It might not be organically-sources wholegrains with unicorn milk served in a hand-whittled dish of sustainable hardwood. But it's food for the hungry
I know where you are coming from, but it's the same argument that is used to stop food being improved in hospitals and why carb-heavy cheap food is the stuff of school dinners.
If our authorities, with their bulk-buying power, can't offer reasonable quality food and set a good example, who can? Kelloggs cereals are unbelievably sugary, if you eat those and some nice fish and chips followed by a super sugary huge cookie/bun/cake, which is what's on offer in my children's schools, then you have a perfect recipe for childhood obesity.
It's pointless to hand-wring about the obesity epidemic when you are in the thrall to the large food manufacturers- all of the government's healthy food initiatives involve processed crappy food (swap butter for lovely low fat margarine, why not swap your usual fizzy drinks for no-calorie ones) and this is just more advertising of the same.

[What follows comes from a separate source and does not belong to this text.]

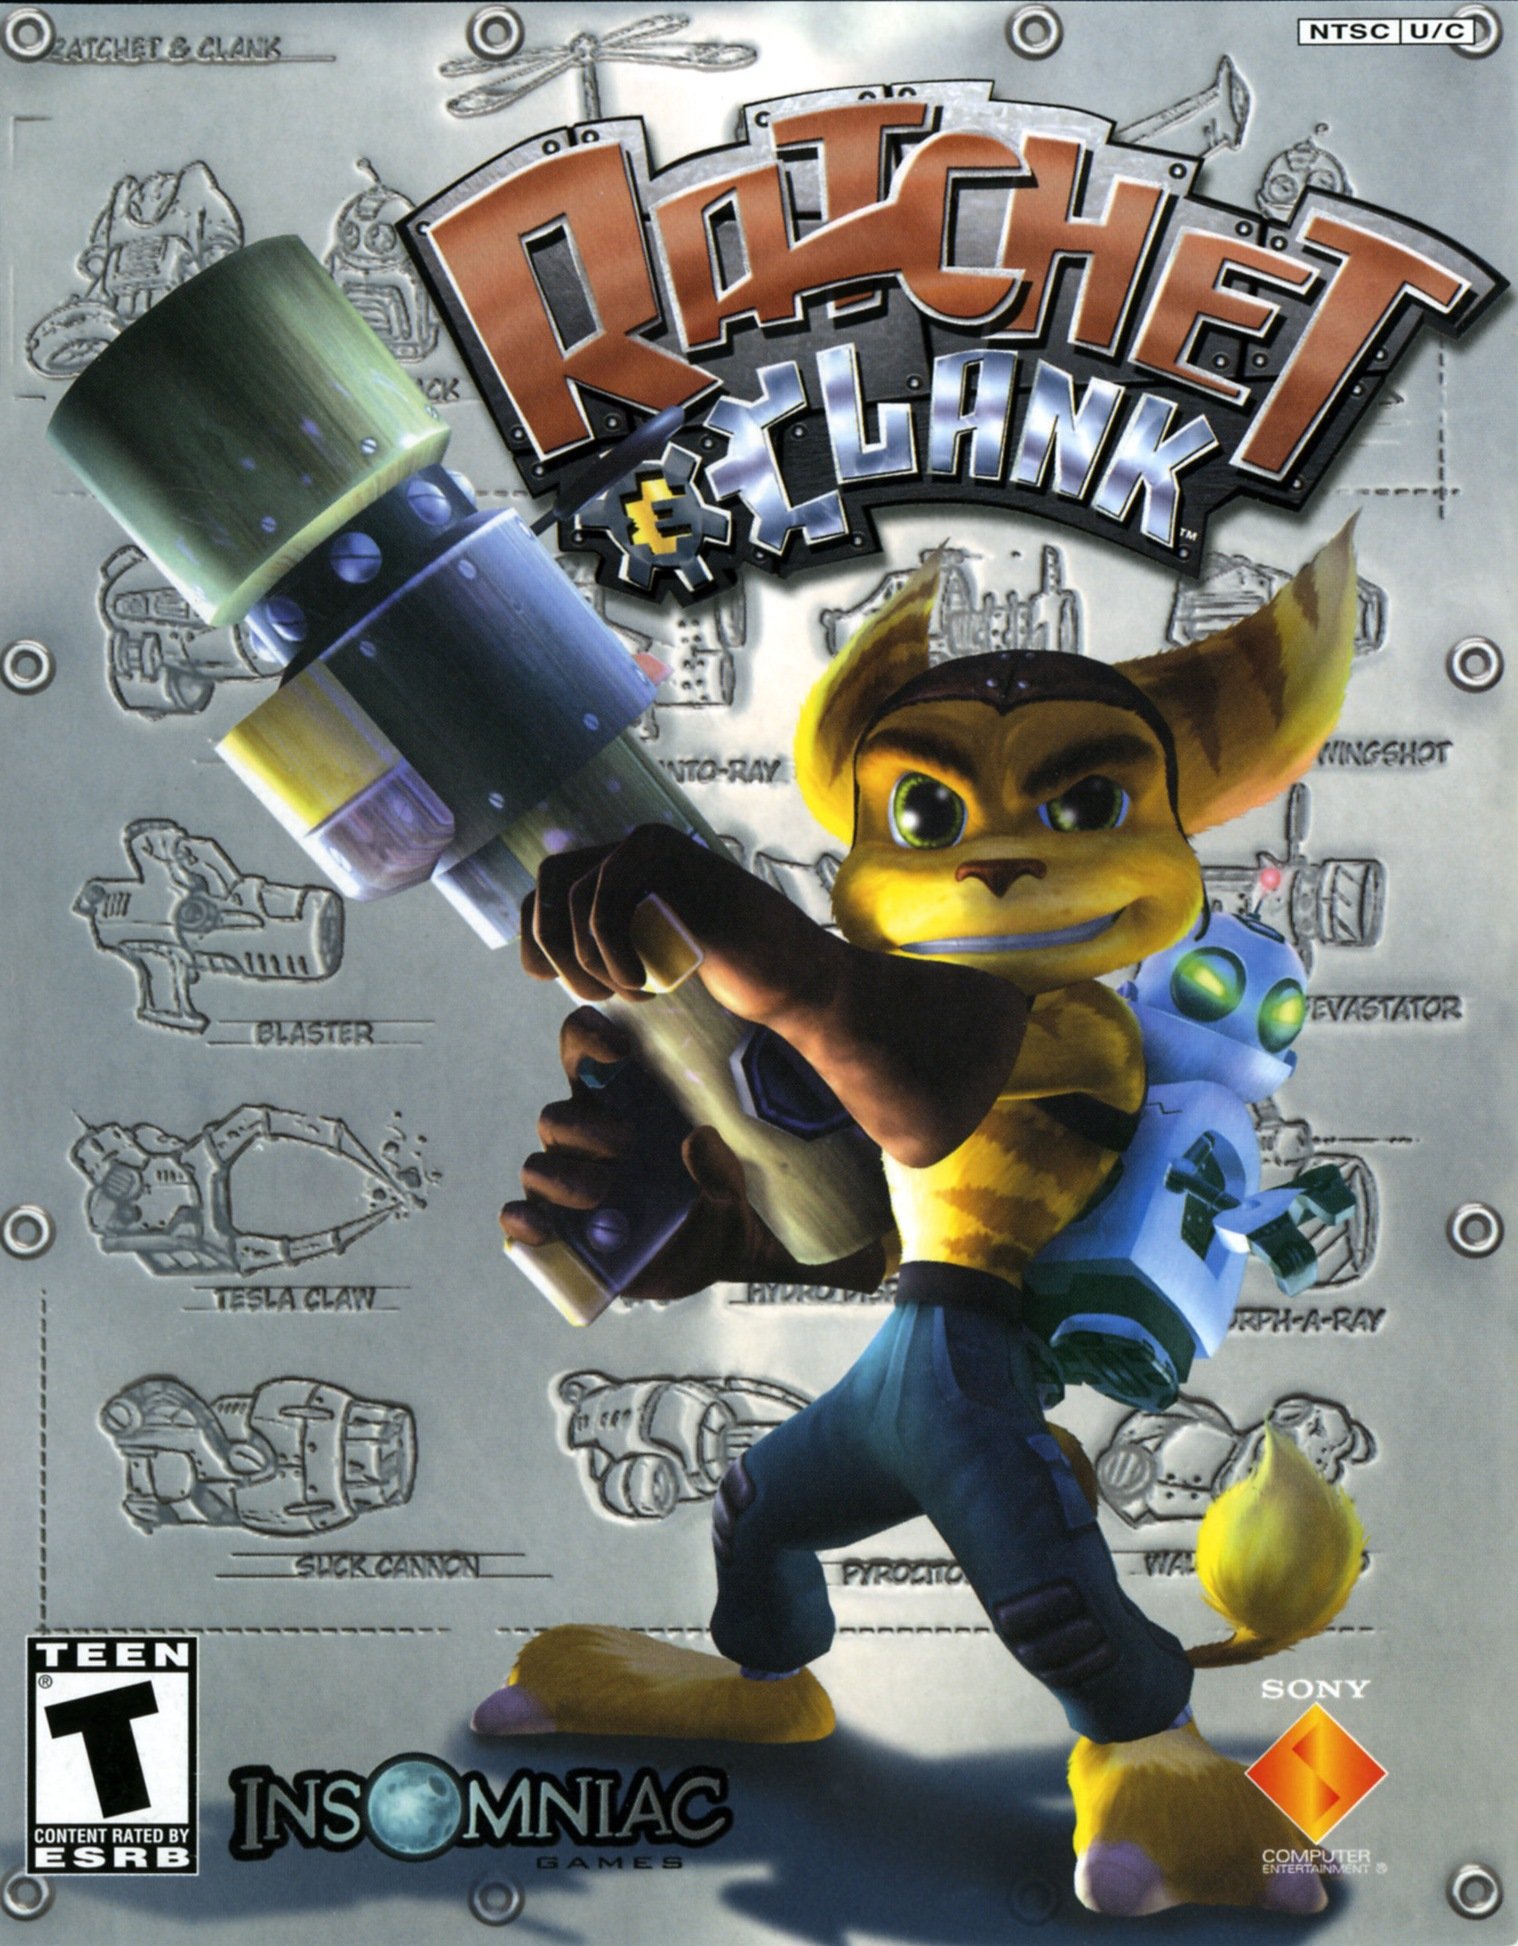 Image of Ratchet & Clank

I wouldn't have Tesco/supermarket vouchers in school, no Kelloggs cereals, no vending machines, no nothing. I don't believe in any of this and I can't believe schools are allowed to push this rubbish, especially the Sports Programmes where you have to spend £100's just to get a hoop for sports day. It's all the same, but this is worse as it prods the guilty conscience as there are children going hungry in the morning (which isn't solved by giving them their daily amount of sugar all in one sitting).